Implementing Background Blur on Android @ Nextcloud

The problem:

Most video conferencing apps now have a background blur feature, which is great for privacy and reducing distractions. Think Zoom, Google Meet, Nextcloud Talk, etc. However, at Nextcloud this feature was present on iOS and Web, but not on Android. Unlike iOS, background blurring is not built into the Android SDK. So I had to figure out how to implement it manually. Implementing this feature on Android can be challenging due to the platform's limitations and the need for real-time processing. Since at Nextcloud we use WebRTC for video calls, I had to find a way to integrate background blurring into the WebRTC video stream. In addition, I had to find a way to segment the user from the background in real-time and blur the background which is a non-trivial task. Finally, I had to ensure that the implementation was efficient and did not introduce significant latency or degrade video quality, while also being maintainable for future developers to understand, extend, and debug.

The Research:

For segmenting the background/foreground, I decided to use Media Pipe, an open source framework AI/ML with first class support for Android. As for the model itself, I used the Selfie Segmentation model from Google, the light weight (250 KB), on device image segmentation model is available for commercial use (Apache License V2) here is more info about the model. As for blurring the background, I used OpenCV, a popular computer vision library with Android support. It supports Guassian blur, which is a common technique for blurring images, due to it's kernel being able to be split into two 1D kernels, making it very efficient for parallelization. OpenCV uses JNI (Java Native Interface) under the hood to call native C++ code to make use of true parallelization, low latency, and advanced compiler and hardware specfic optimizations, so I don't have to.

            build.kt
            
    // Computer Vision - for background effects during video calls
    implementation('com.google.mediapipe:tasks-vision:0.10.26')
    implementation('org.opencv:opencv:4.12.0')

A little background knowledge is needed about image file formats as well. Typically, AI models like these rely on RGB images, which are 3 channel images, where each pixel is represented by 3 values (Red, Green, Blue). However, WebRTC uses YUV images, which are 3 channel images as well, which means three values are used to represent 1 pixel. But the channels are Y (luminance), U (chrominance blue), and V (chrominance red). The Y channel is a grayscale image, while the U and V channels are used to represent color information. The YUV format is more efficient for video compression and transmission, which is why cameras natively support it, but to use it with AI models, we need to convert it to RGB format.

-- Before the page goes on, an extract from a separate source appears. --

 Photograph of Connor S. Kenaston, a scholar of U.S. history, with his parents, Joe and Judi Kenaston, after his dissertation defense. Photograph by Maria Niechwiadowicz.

There are also different types of ways to format YUV files, depending on the underlying implementation. Thankfully, WebRTC provides a helper class YUVHelper to abstract away the conversion logic. But it can be helpful to understand that at the end of the day, it's still just a 2d array.

The Implementation:

I created/edited 13 files, but here are the 2 main files of value worth discussing. Listed

BackgroundBlurFrameProcessor an implementation of VideoProcessor which is an interface that WebRTC provides to perform operations on camera frames, and ImageSegmentationHelper.SegmenterListener, which is a small interface I wrote to handle asynchronous passing of camera frames from MediaPipe (You can actually handle it synchronously too, since the VideoProcessor operates on it's own thread, but this is cleaner)
Code found here
ImageSegmentationHelper an edited version of google's. Basically a wrapper over MediaPipe's ImageSegmenter which uses the on device AI Model to segment images between the foreground and background.
Code found here

The Result:

Mask:

Post Process

Notes

The model runs at ~19 FPS on a Pixel 7a, which is decent for real-time video processing. There can be distortion effects on older devices, but it works well on modern devices. The blurring effect is good, but not perfect. There are some artifacts around the edges of the user, especially when the user is moving quickly. This is likely due to the limitations of the segmentation model. The performance can be improved by offloading work to the GPU, but this can lead to unmaintable code. I opted to keep the implementation simple and maintainable by using CPU only processing. But it's worth a look in the future.